> Try it: Give all of the data below again exactly, and drop the images.

> Source material:

..............................

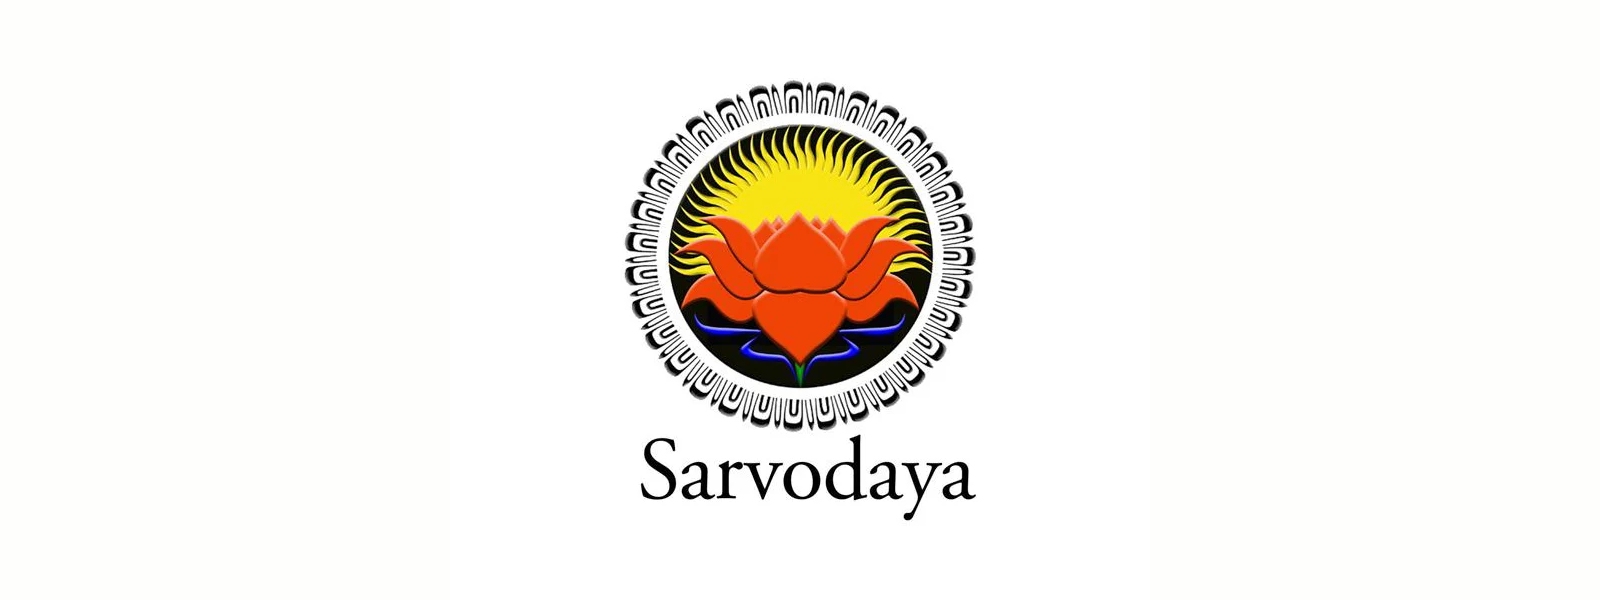 Sarvodaya Executive Director Chamindha Rajakaruna passes away
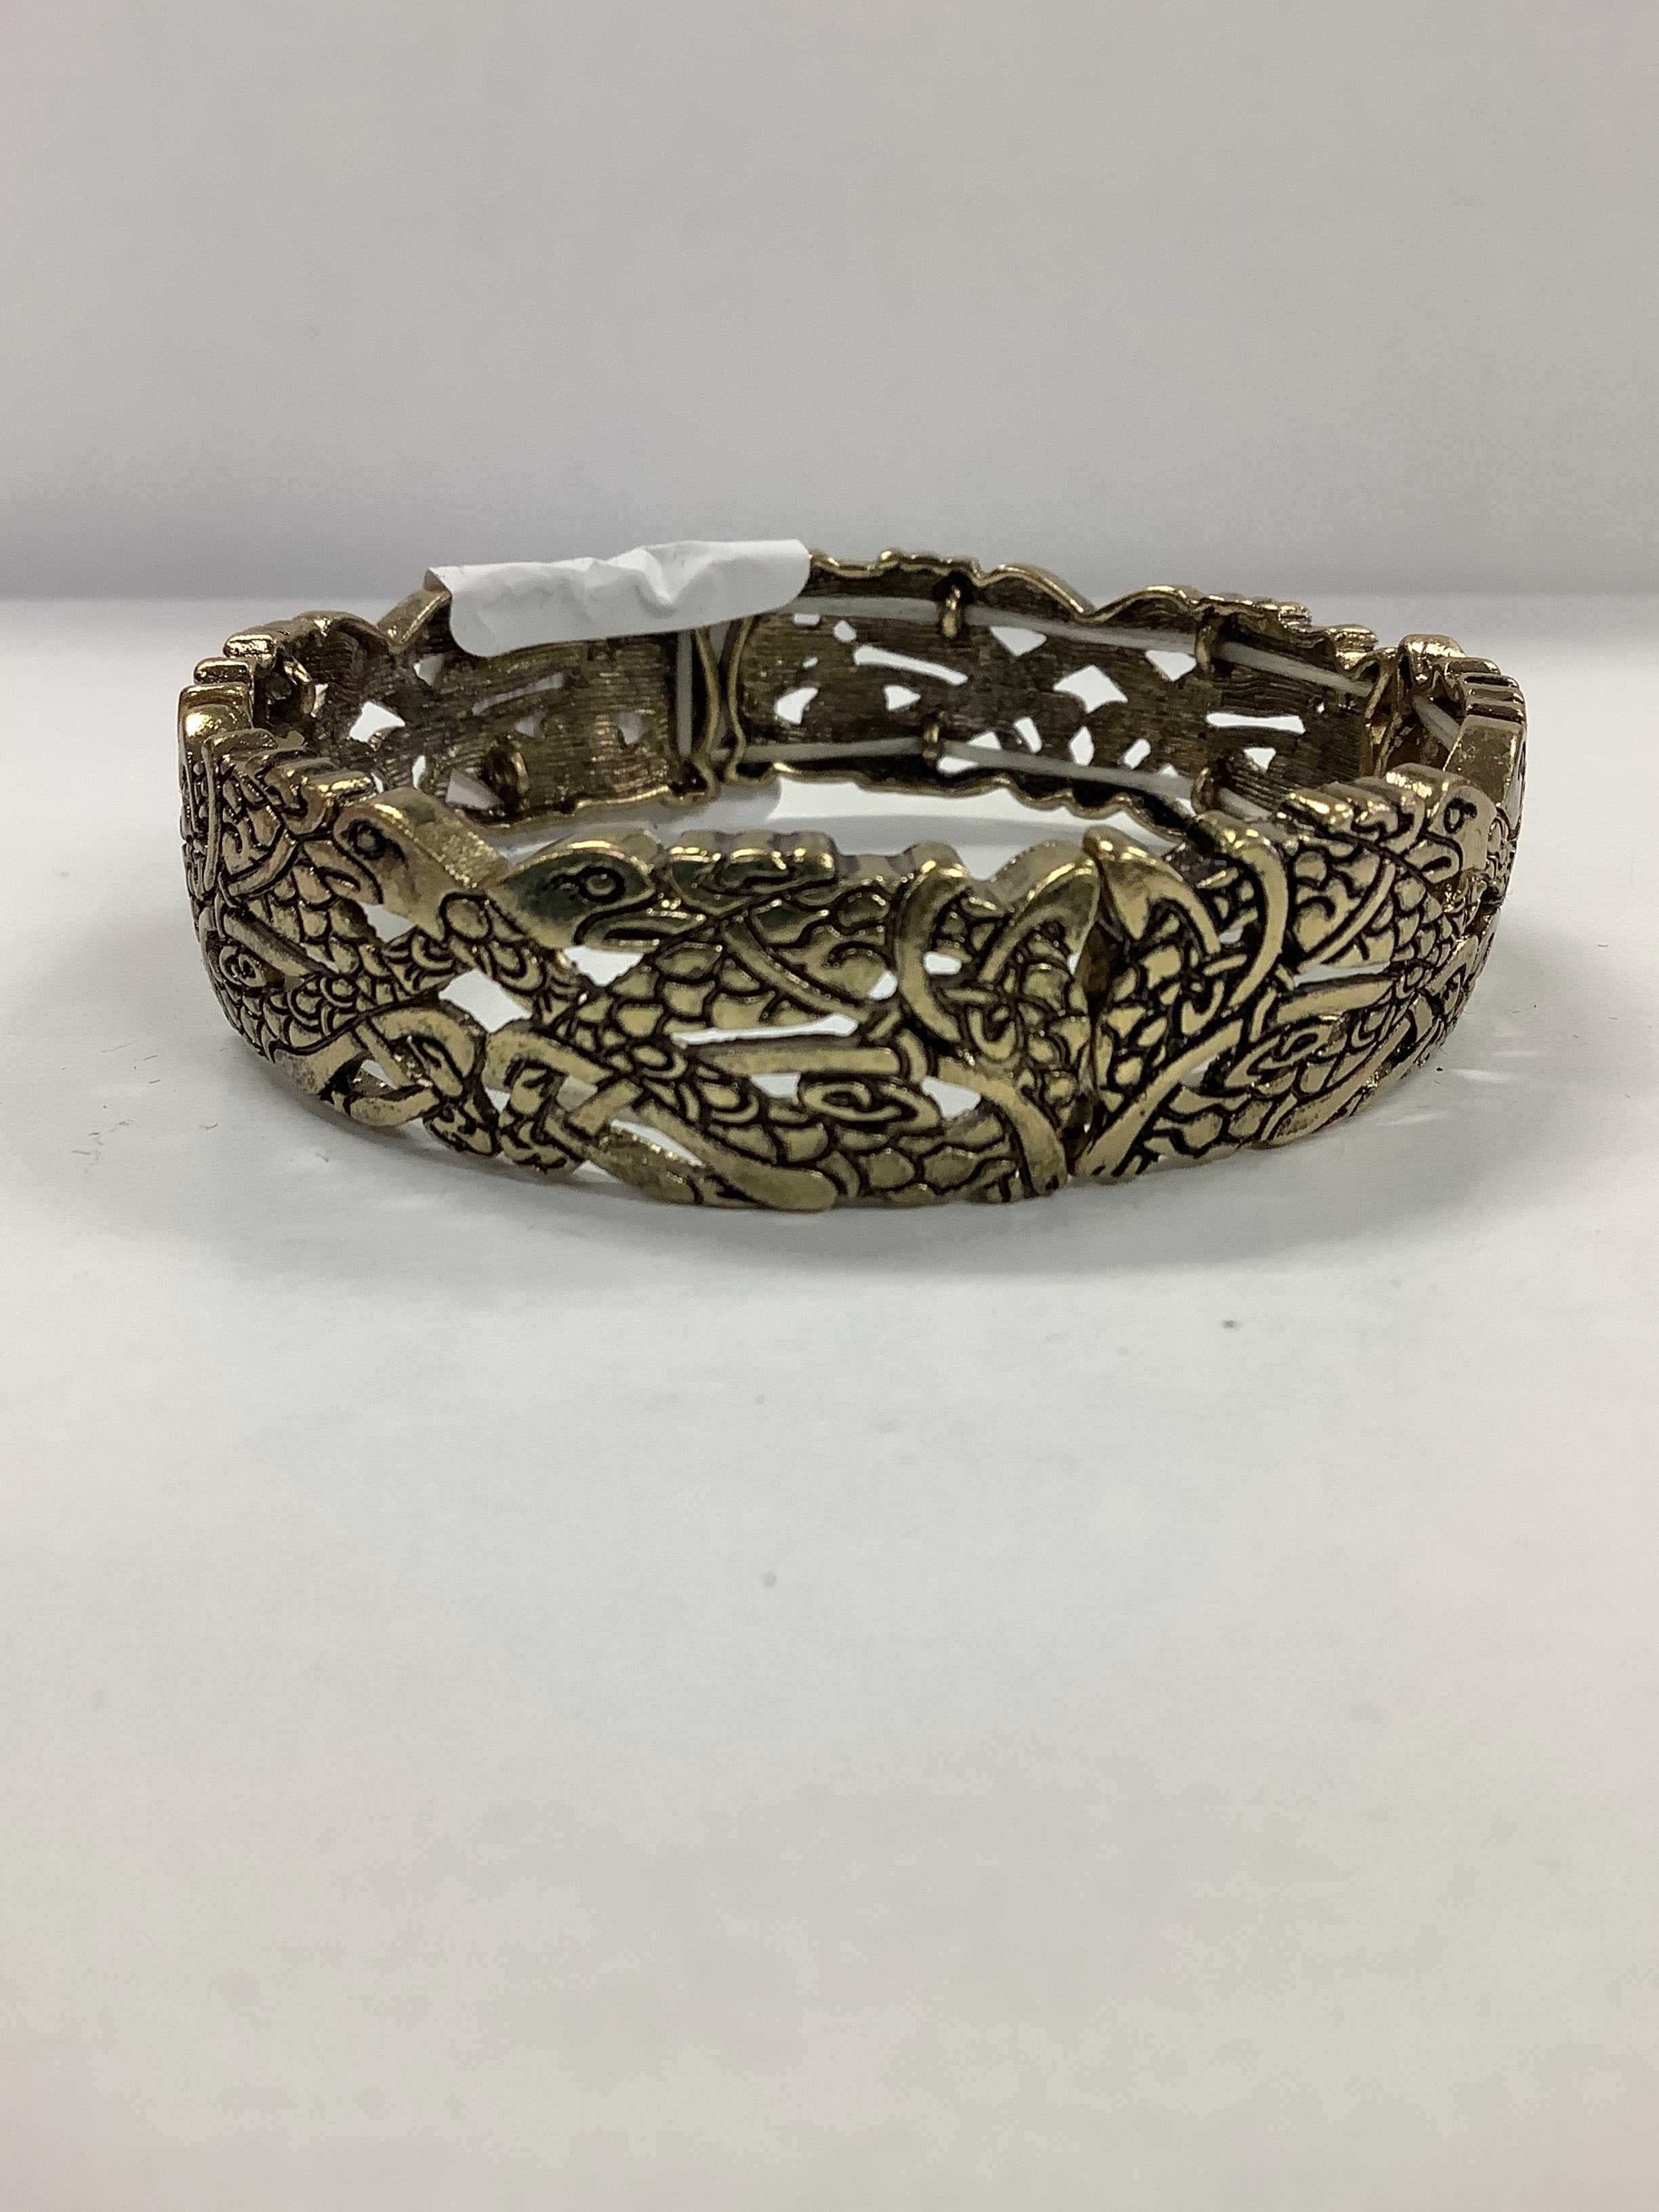 celtic stretch bracelet gold color
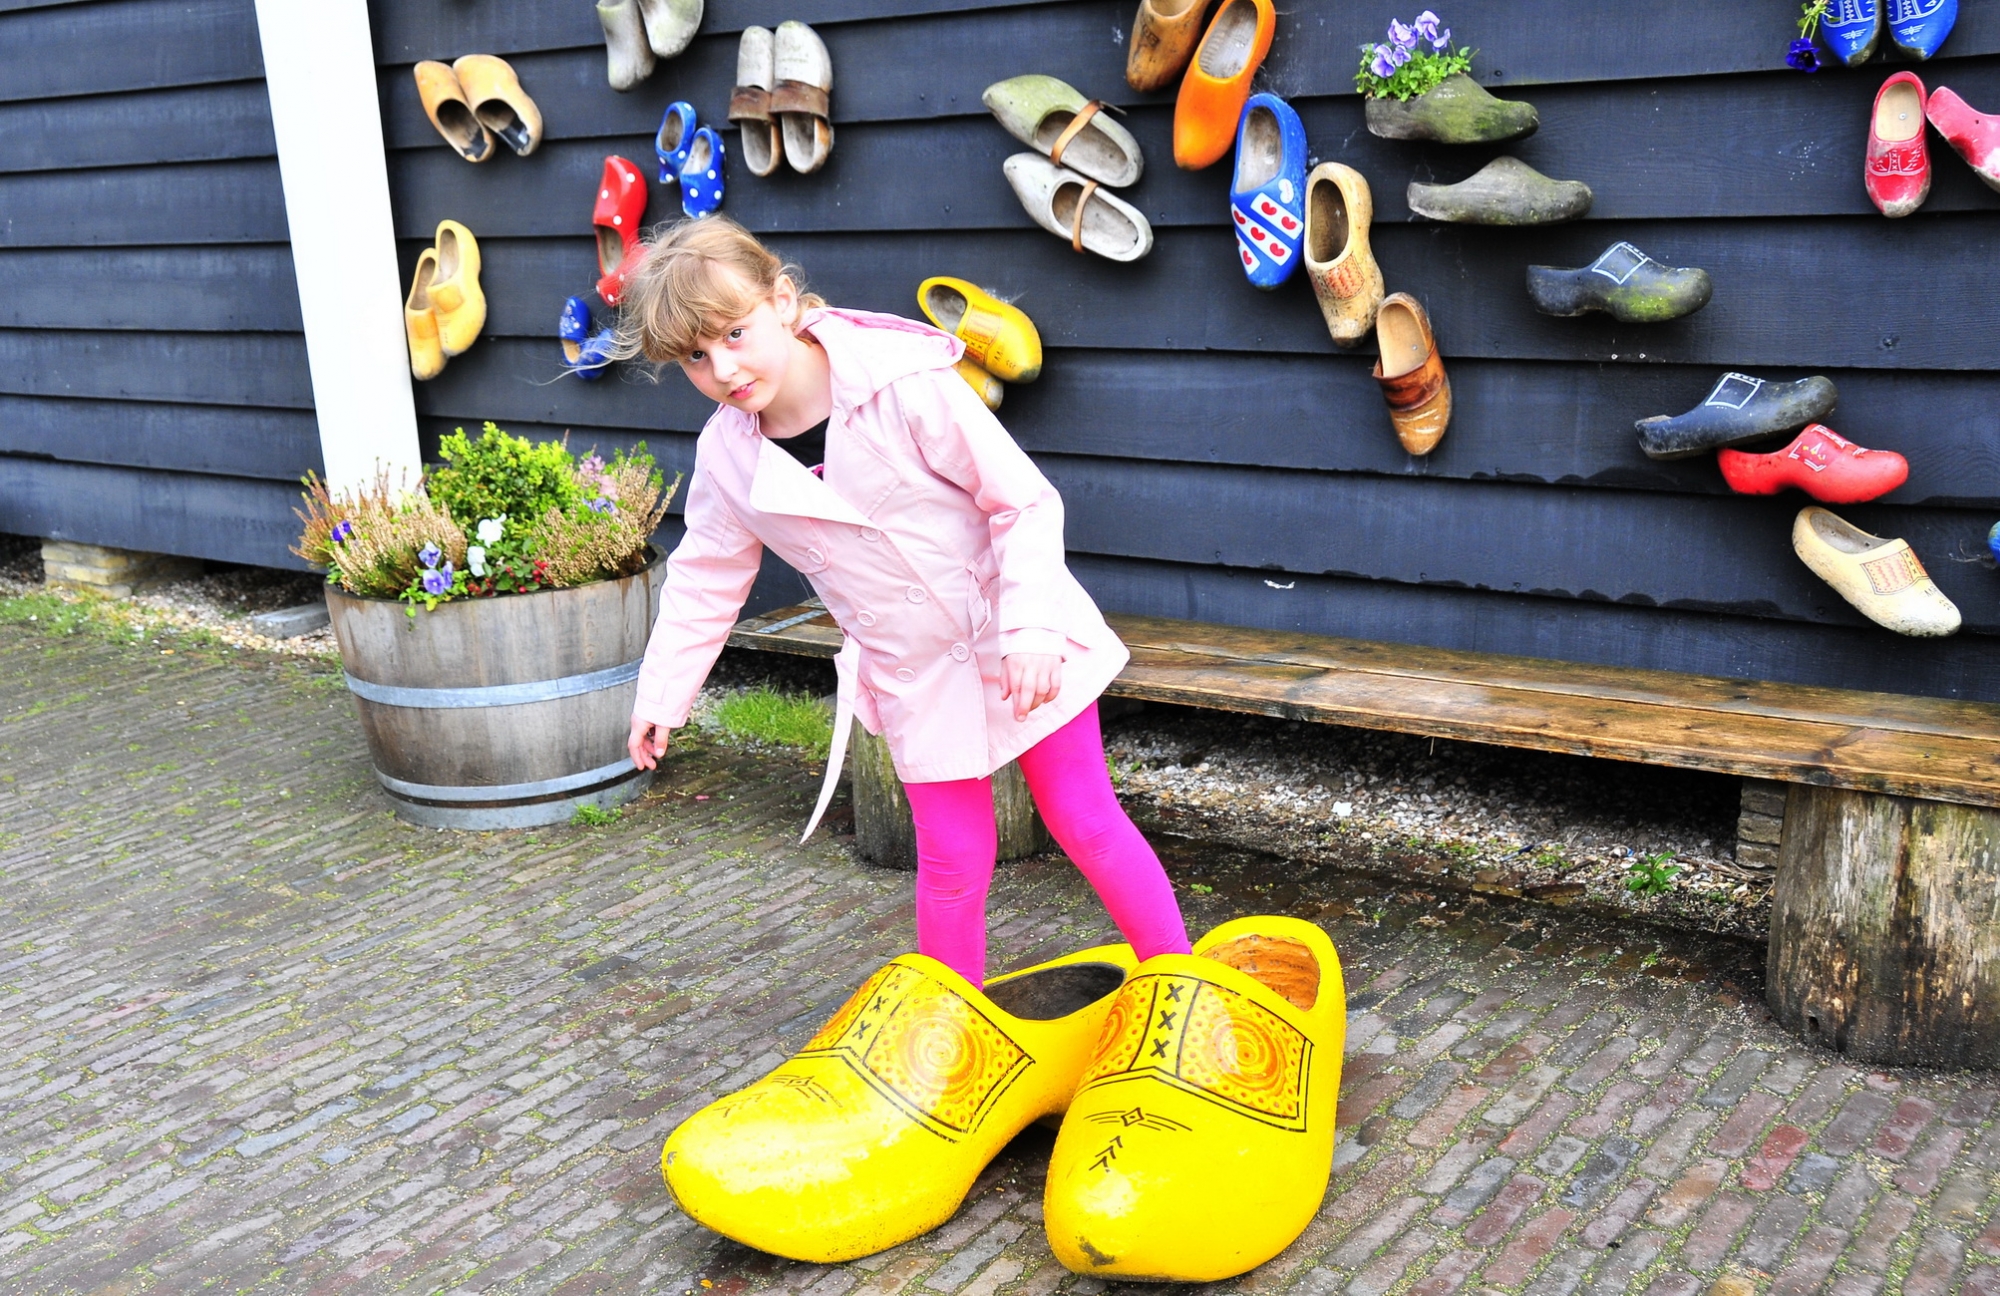 Chuyện về đôi giày gỗ clog nổi tiếng ở hà lan

..............................

> Result of this exercise:
 Sarvodaya Executive Director Chamindha Rajakaruna passes away
 celtic stretch bracelet gold color
 Chuyện về đôi giày gỗ clog nổi tiếng ở hà lan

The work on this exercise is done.